I am trying to implement a seq2seq model using transformers with scheduled sampling.

The method that I am trying to implement is as described Mihaylova 2019.

My question revolves around how to implement the two decoder.

I am doubting which of these two approaches would be the correct one (maybe none is):

- Forward the sample twice through the decoder, first with the gold targets and second with a mix of gold and predictions.
- Have two separate decoders, one for the first pass and one for the second, that share weights and biases.

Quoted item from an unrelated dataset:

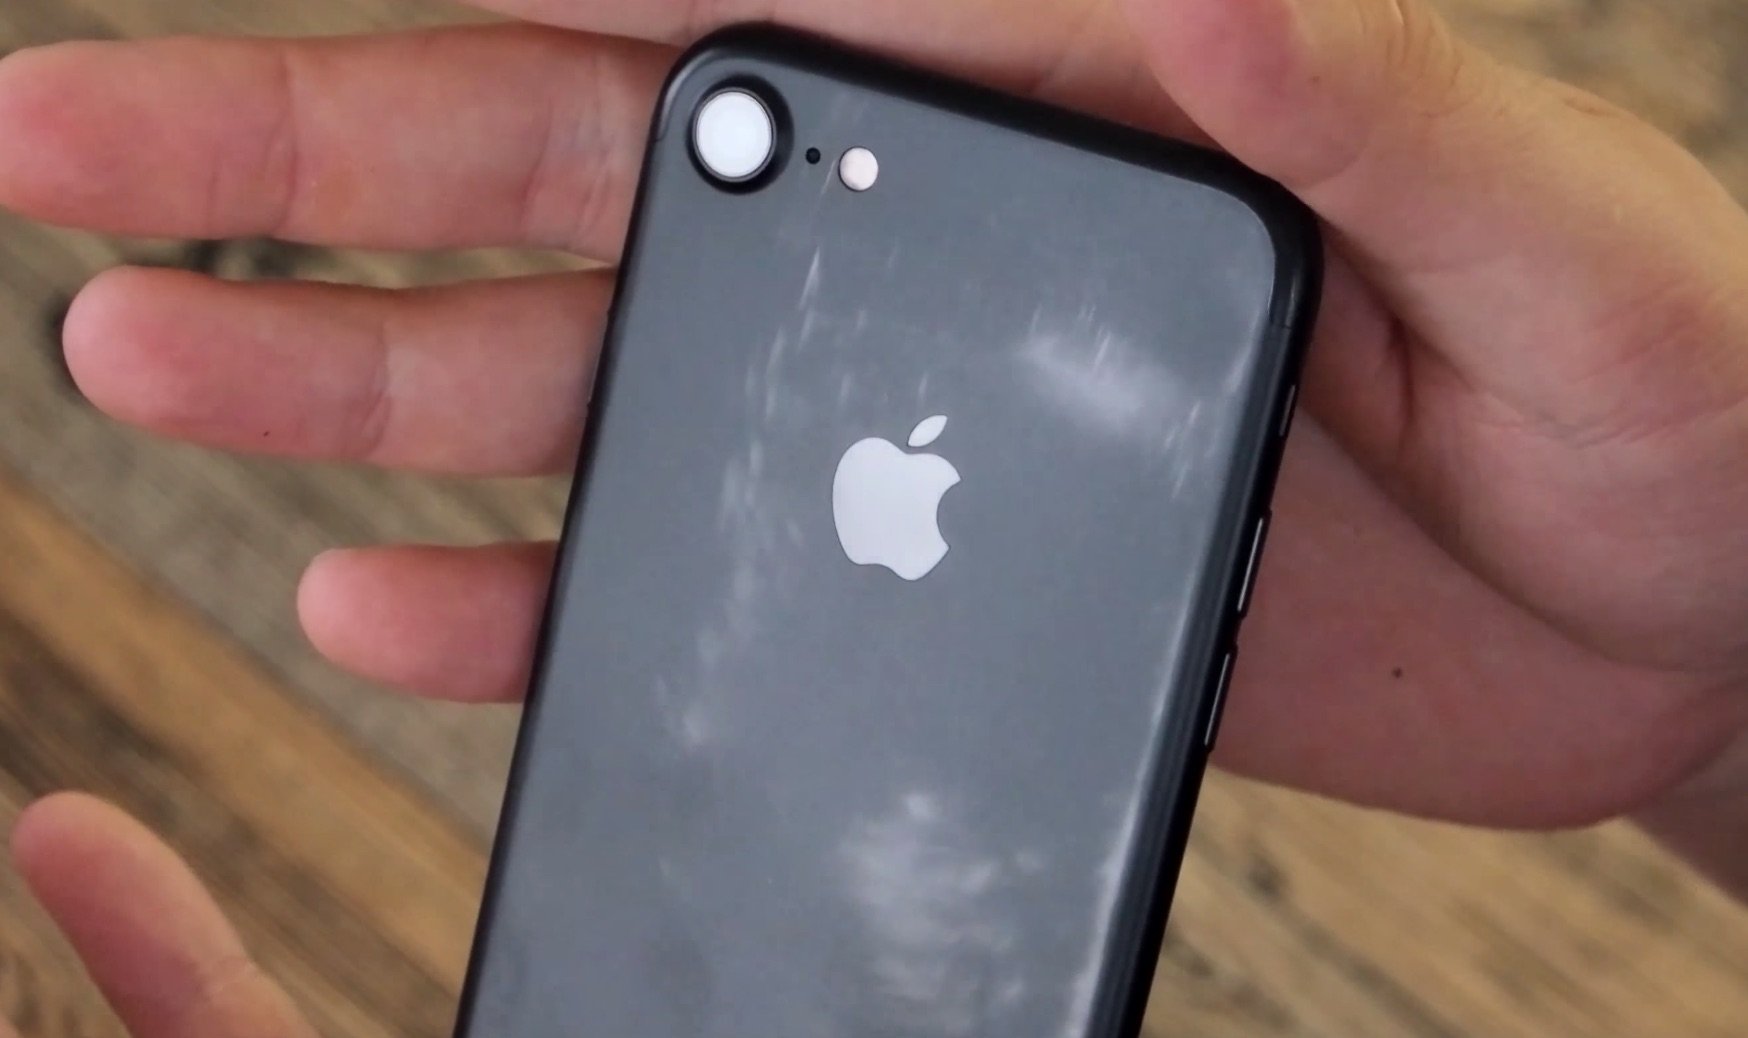 Neue Farbprobleme: schwarzes iPhone 7 verliert Matt-Effekt durch Nutzung? 1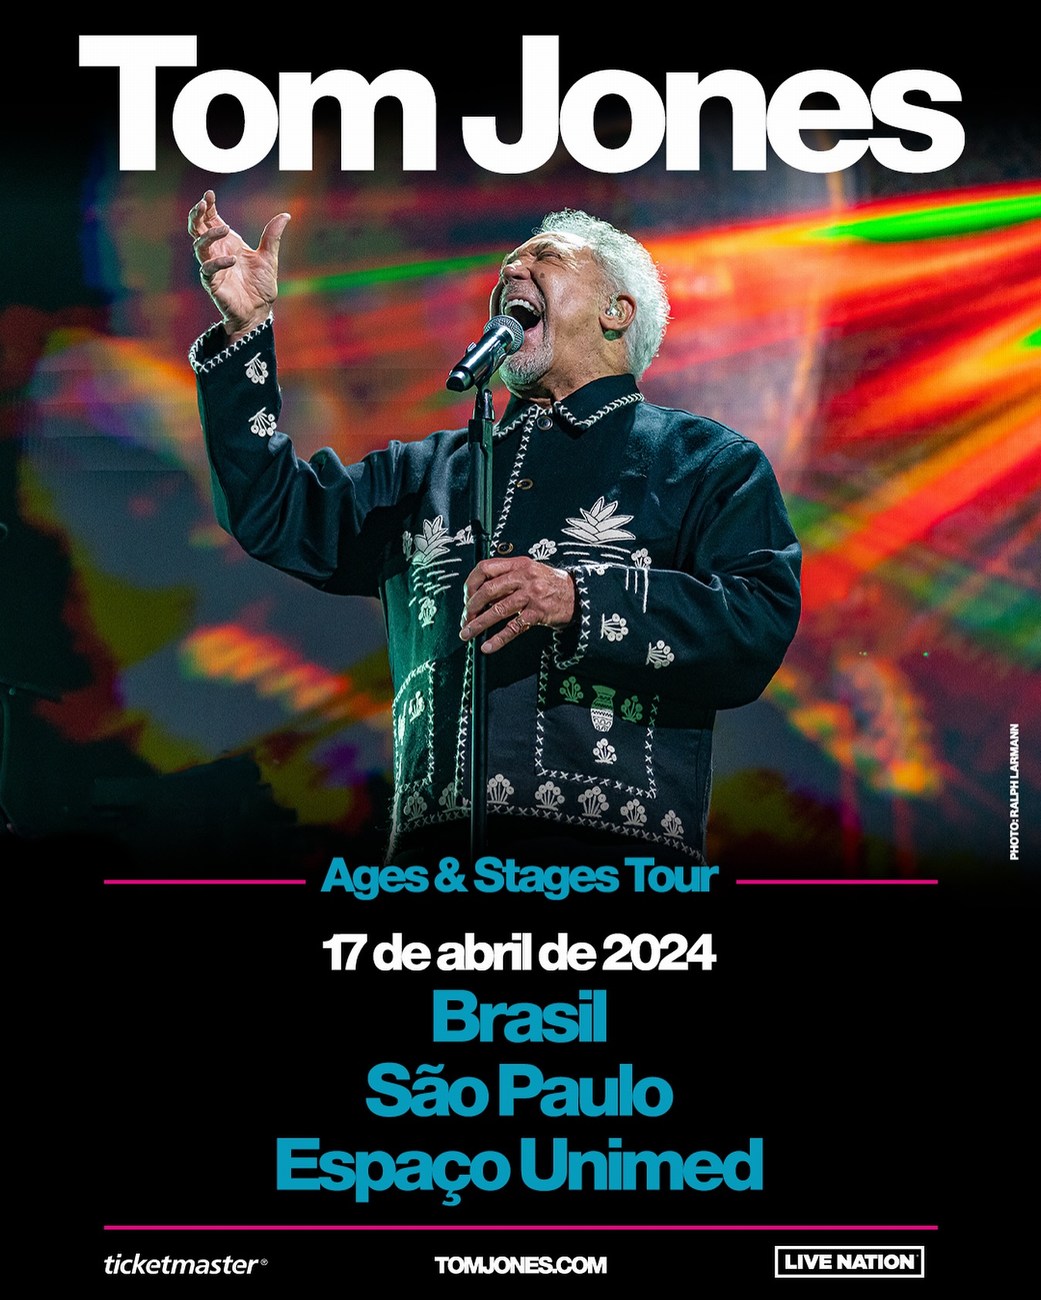 Tom Jones anuncia show no Brasil em 2024 | Boomerang Music

Here is some pseudocode to illustrate each case.

First approach:

```
class TransformersScheduled(nn.Module):
def __init__(self, encoder, decoder):
self.encoder = encoder
self.decoder = decoder
def forward(self, src, trg):
src = self.encoder(src)
prediction = self.decoder(src, trg)
new_trg = self.mix_gold_pred(trg, prediction, 0.5)
prediction = self.decoder(src, new_trg)
return prediction
def mix_gold_pred(trg, pred, factor):
# mix gold standard labels with predicted labels
return new_trg
## loss is calculated on the second prediction and backpropagation is applied
```

Secod approach:

```
class TransformersScheduled(nn.Module):
def __init__(self, encoder, decoder1, decoder2):
self.encoder = encoder
self.decoder1 = decoder1
self.decoder2 = decoder2
def forward(self, src, trg):
src = self.encoder(src)
# copy the weights from decoder2 to decoder1
self.decoder1.weights = self.decoder2.weights
prediction = self.decoder1(src, trg)
new_trg = self.mix_gold_pred(trg, prediction, 0.5)
prediction = self.decoder2(src, new_trg)
return prediction
def mix_gold_pred(trg, pred, factor):
# mix gold standard labels with predicted labels
return new_trg
## loss is calculated on the second prediction and backpropagation is applied
```

In the first case, would there be a “double” backpropagation through the decoder since it is used twice during the forward?

In the second case, would there be backpropagation through the first decoder?

Thanks in advance for your time and help!